As the universal truth holds, there is nothing undeniably more important to a female than her hair.
Whether it sways below our hips like Rapunzel, perks up in a perfect razor-buzz, or hangs in a pin-straight bob, it is one of the essential elements of our identity. Across color and style, hair will always be the first thing we are perceived by and the last thing that anyone forgets.
No wonder we can characterize each time period with a hairstyle. Women and men transcendentally have an obsession with their hair.
“Hair holds so much more energy than most of us are aware of. Some women use it as a security blanket whose purpose is to shield and protect while others use it as a secret weapon to tease and entice,” says Owen Gould, a celebrity hairstylist who styles Jessica Alba, Björk, Karlie Kloss, Kate Hudson, and pretty much everyone else. The hair God has spoken. Simple logic: hair covers our head, which supposedly has our brains inside, so we care about hair – but there's more...
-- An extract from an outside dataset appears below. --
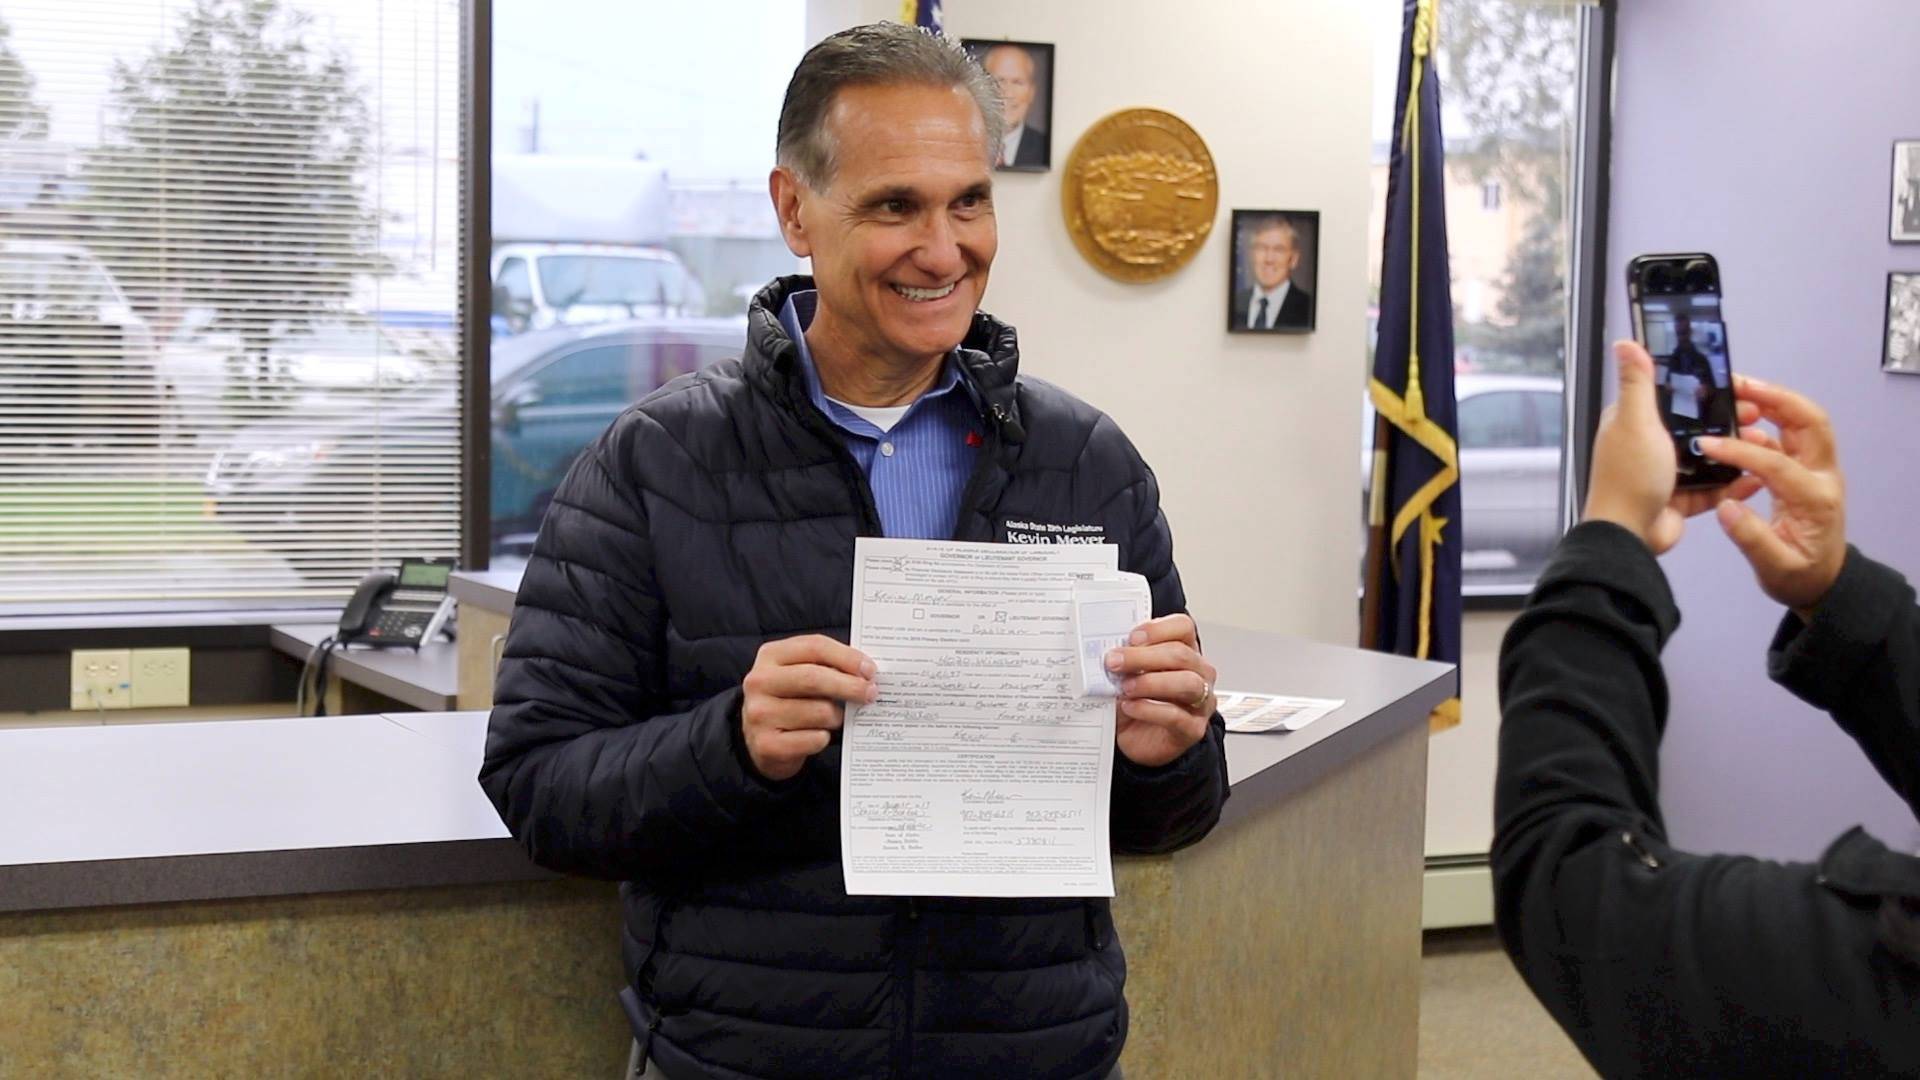 Sen. Kevin Meyer, R-Anchorage, poses for a photograph at the Anchorage office of the Alaska Division of Elections as he files to run for lieutenant governor. (Campaign of Kevin Meyer photo)

Think: Amelie from "Amelie" and Carrie Bradshaw from "Sex and the City." Could those characters flip hairstyles? Carrie would lose her hippy flair and autonomy without her blonde locks and Amelie would seem idiosyncratic without her pixie raven strands. Their hair has a direct correlation with their identity.
Cutting off your hair, as a result, is like a new tattoo – it can be a stupidly reckless drunk decision or a consciously personal transformation. Once those scissors clip away the strands we valued so much, we commence anew. What better way to ignite change than cutting away from the old? Getting rid of the weight off our shoulders is incredibly liberating. Going from Carrie to Amelie might be a bit of an extreme, but that extreme says much more than just a change of style.
Of course, we must cut away our frail, damaged, dead locks almost every month. But do we cut off more than just physical damage?
Society has us idealize Sarah Jessica Parker and Jennifer Aniston kinds of styles (these styles are actually named after them), but shorter hair actually signifies that she is careless towards these standards. She is not necessarily a redhead Miranda, but she is cutting off expectations like Miranda. Often, in this situation, she might have gone through the rough patch of a breakup, a promotion, or some sort of life change, but not always. The change is just an emancipation of who she was en lieu for who she is.
She leaps out of her usual comfort zone, coming to the stylist for a "regular cut" and taking a leap of faith. This rash decision will directly translate into her life. She steps into a zone of adventure. If a woman wants to change something, the first step in that direction is her hair style.
While sexist notions argues that femininity is nestled in long locks, short hair exposes and underlines the physiques of a woman that long hair simply cannot. Short hair gives a glimpse of one of the most seductive areas of a woman's body, her neck. Eyes then wander down to her clavicle.
Would you ever argue that Karlie Kloss isn't as feminine as the other Victoria's Secret angels? Miranda Kerr, Kate Hudson, Rihanna and others have also recently chopped off their hair to channel their fearless femininity.
For a female, cutting off hair means cutting off so much more to give into something new. Despite one's reasoning, a haircut just reminds us how temporary permanence is because hair will grow out anyway.